Will the tape play a “critical role” in the zettabyte era, as its supporters hope? – Blocks and Files
The Tape Storage Council released a report indicating that tape will play an even greater role in the computing ecosystem as the growth of data storage continues.
We do not agree.
The report, titled Band to Play Critical Roles as Zettabyte Era Takes Offstates, “The era of the zettabyte is in full swing, driving unprecedented demand for capacity as many enterprises move closer to Exascale storage requirements.”
He identifies five trends that he believes favor the band:
- Favorable economics: Data-intensive applications and workflows are fueling new tape growth due to its significant TCO benefits
- Security – the band’s inherent air space provides additional layers of defense against cybercrime
- Data accessibility – tape performance improves access times and throughput
- Sustainability – tape plays an important role in green data center strategies
- Optimization – tape active archives enhance storage optimization, providing dynamic optimization and fast data access for archival storage systems
Let’s unbox this. The favorable economics basically means that tape storage is cheaper than disk storage on a $/TB basis, and both are cheaper than flash storage. However, tape is slow, with a longer first-byte access time than disk or NAND, making it the choice for infrequently accessed data where latency is less of a concern than storage cost.
The physical air gap inherent in tape is a good point, but the virtual air gaps marketed by backup storage, unstructured data storage, cloud storage and cybersecurity companies are generally known to be effective and its superiority is therefore diminished here.
The point of data accessibility is more difficult to understand. Of course, tape is better than disk in terms of bandwidth. As the report states, “HDDs and SSDs have faster access times to the first data byte. For large files, tape systems have faster access times to the last byte of data… The LTO-9 and TS1160 company [tape] the drives each have a data transfer rate of 400MB/sec. This compares to 7200 RPM hard drives ranging from 160 to 260 MB/sec.
But typically a large file would be striped across multiple disk drives in an external storage array and read back from multiple drives in parallel, negating the advantage of the single tape drive. Also, nowadays many primary and secondary data storage devices use SSDs and not HDDs. In terms of bandwidth, it’s pretty much over, especially with NVMe SSDs. In our view, this claimed benefit evaporates before our eyes when we look at it.
Yes, tape is getting faster generation after generation, but it’s still slower than hard drives and all-flash arrays. The evangelists accept this implicitly as we will see when we come to the fifth tendency.

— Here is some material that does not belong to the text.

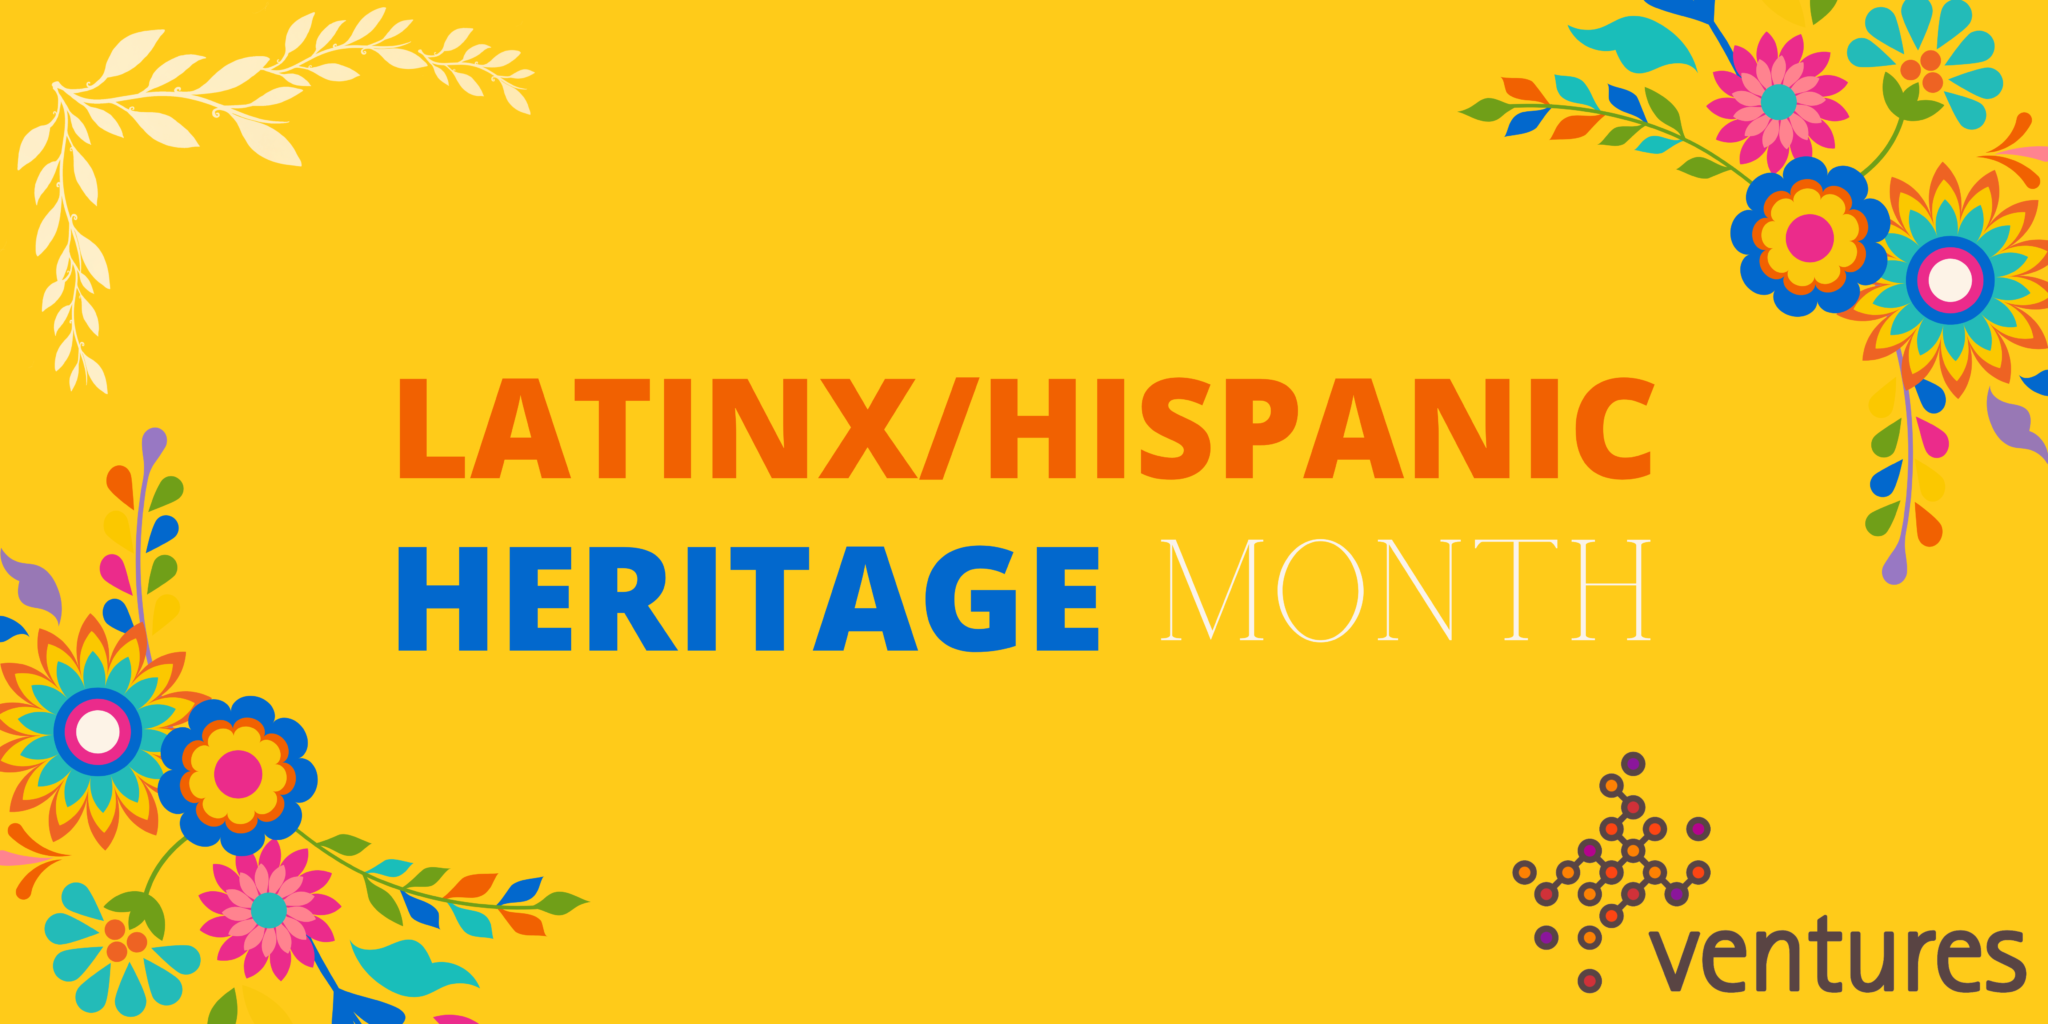 Latinx/Hispanic Heritage Month- Adela Chávez

The fourth point of advice about sustainability is good. Obviously, offline, flowless tape cartridges stored on a shelf don’t need power or cooling. But this trend only supports its use if the need for fast data access has already been ruled out. No one will use it for primary data storage if it means your servers can only support tens of transactions per second instead of thousands, not even to save a few thousand tons of carbon emissions per year.
And so we come to the fifth point, the active archive. The diagram in the report shows a cache buffer placed in front of a tape library:
It is operated by a server running data management software, which presents a file or object interface upstream and a tape interface downstream of the library. The report states, “An active archive integrates two or more storage technologies (SSD, HDD, tape, and cloud storage) behind a file system providing a transparent way to manage archive data in a single virtualized storage pool.
Cloud archive storage uses tape, so here we are talking about disk/SSD front ends and a tape backend. And why have this cache buffer? It “provides dynamic optimization and rapid data access for archival storage systems”. “SSDs or HDDs serve as a cache buffer for archival data stored on tape, providing faster access to the first byte of data, higher IOPs, and random access.”
In other words, you need a disk or SSD buffer because data access to tape is slow. Ideally people wouldn’t use tape at all because it’s way too slow, but it’s cheap and reliable, so we accept it and improve its slowness with a cache buffer in archive setups active.
The report states that the need for data archives will increase due to the increase in cold data storage needed for cloud, HPC, IoT, life sciences, media and entertainment, video surveillance and sports video. That’s probably true, but it’s still standard data archiving to tape. He will not play a larger role. He will play the same role he always had.
The tape is not dead yet and its track record of increasing capacity is impressive. It’s actually flourishing. But that’s not because of its wonderful technology, good as it is, but because there’s nothing better. It’s cheap, it contains a lot of data, it’s reliable, it’s slow and it works. Enough said.